One of these “reasonable responses” involves threatening the DPRK with nuclear annihilation. After all, what scares so many Americans is the thought of a crazed and fanatical DPRK acquiring a nuclear bomb. As Shane Maddock notes in his book, Nuclear Apartheid: The Quest for American Atomic Supremacy From World War II to the Present, superpowers like the United States have “remained so convinced of the correctness of their respective privileged positions in the world system that they refused to make mutual concessions to achieve arms control.”17 Thus, ideologies of national superiority and exceptionalism are impossible to disentangle from popular discourses about nuclear proliferation. “Even U.S. leaders who sincerely desired to stem proliferation,” Maddock writes:

could not break free from the presumptions of national superiority that fostered nuclear discrimination. At its heart rested a variant of American exceptionalism that envisioned the United States as outside the normal constraints of a combative world system, therefore exempting Washington from most of the arguments used to dissuade other countries from acquiring nuclear arms.18

Rhetoric of an irrational enemy with whom the “rational” West cannot negotiate makes it hard for us to understand why North Korea seeks nuclear capabilities.19 And while media pundits assert that the DPRK cannot be trusted with a nuclear weapon or to uphold a joint agreement, rarely is the question ever asked: Why should the United States be trusted with a nuclear weapon, let alone 9,600 of them? Or, to take it one step further, why is the DPRK expected to “demilitarize” but the United States is not? As offensive as these questions might sound to many Americans, such sensitivity only exposes the historical amnesia and sense of moral superiority one must have to find these questions offensive in the first place.

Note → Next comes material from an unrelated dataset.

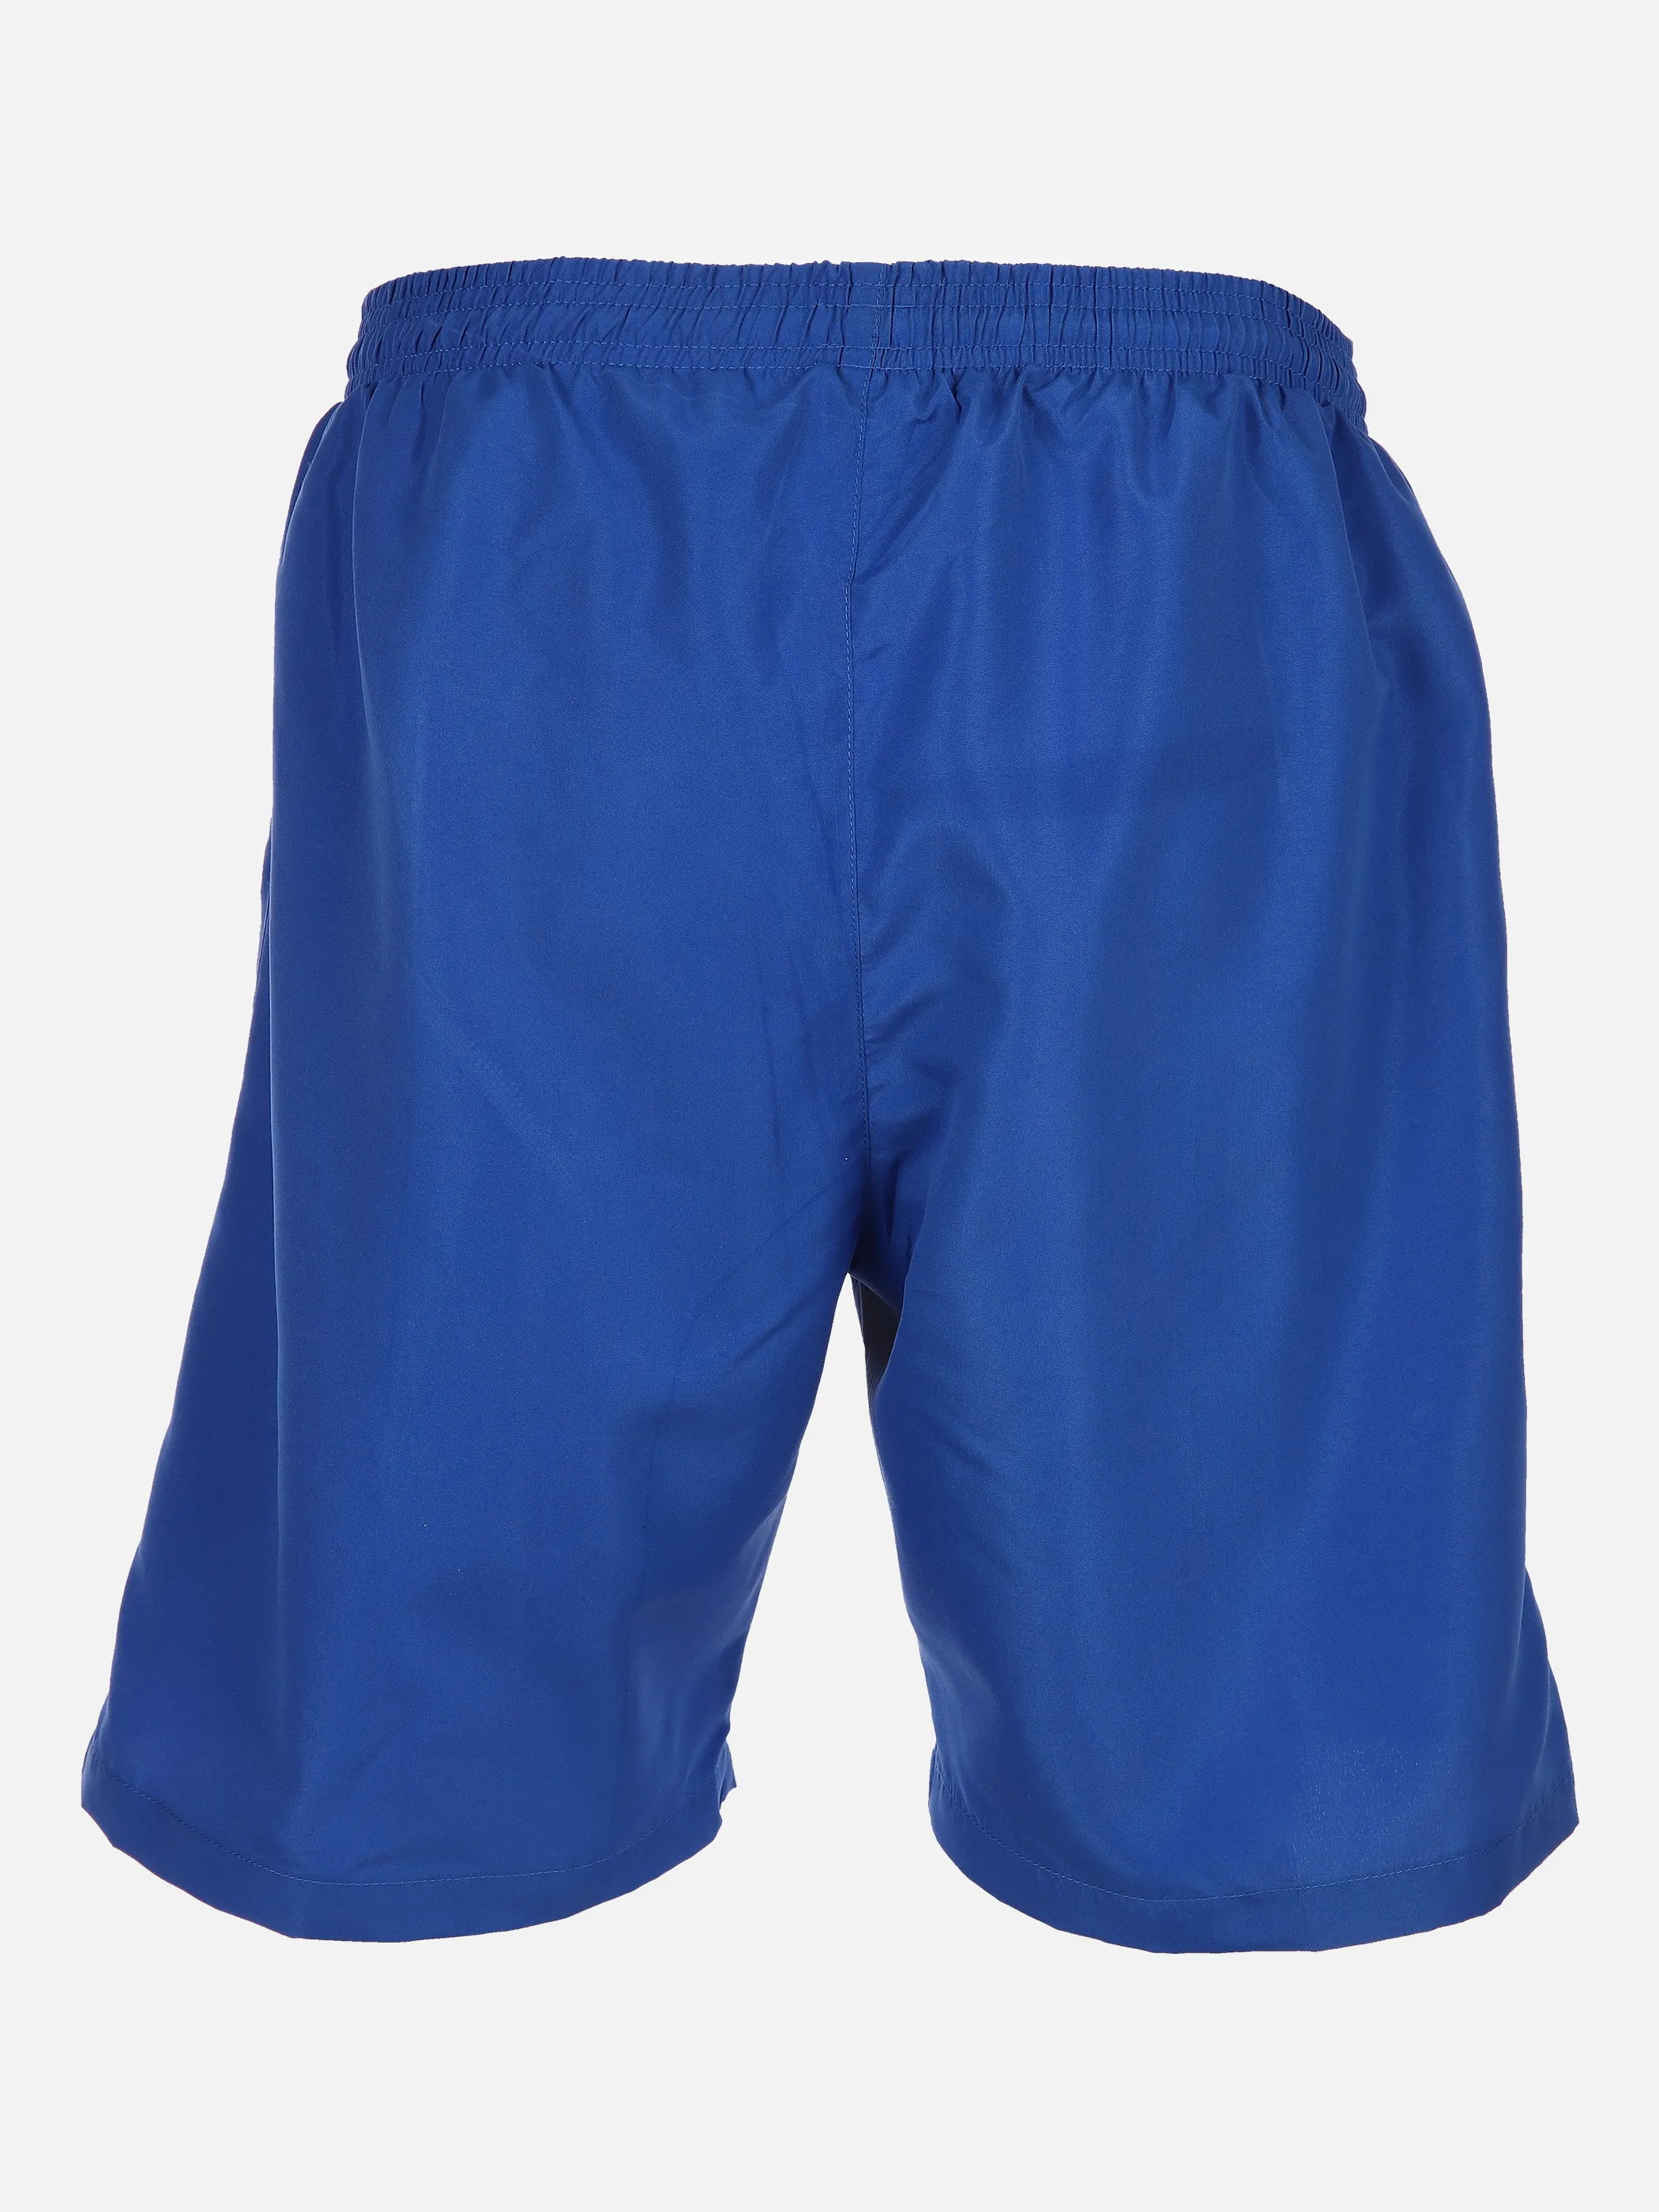 Grinario Sports He-Micro-Short Blau 839802 ROYAL/WHIT 2

The Korean war is but one of the first examples of how American exceptionalism creates a dialectical relationship between “national” superiority and the targeting of racialized “others” in the service of imperial aims. This phenomenon was not lost on early Black radical thinkers like Eslanda Robeson, her husband Paul, W.E.B. Du Bois, and Lorraine Hansberry who fiercely opposed the Korean War.20 “Big business wants war to keep your mind off social reform; it would rather spend your taxes for atom bombs than for schools because in this way it makes more money,” Du Bois famously remarked. “[It] would rather have your sons dying in Korea than studying in America and asking awkward questions. The system which it advocates depends on war and more war.”21 Later wars in Vietnam, Cambodia, Grenada, Iraq, Afghanistan, and the remaining fifty foreign governments that the U.S. would overthrow followed a similar model, with American values extolled, corporate profits pursued, and the people of the targeted nations dehumanized as “terrorists,” “towel heads,” and “dinks.” Whatever public opposition to these wars existed would morph into forgetfulness or outright support, even though the American people would have as little say in their implementation as they do in domestic policies like mass incarceration or the rise of poverty. This is the real legacy of the Korean War, a legacy that the Korean people and the majority of people all over the world do not have the privilege of forgetting.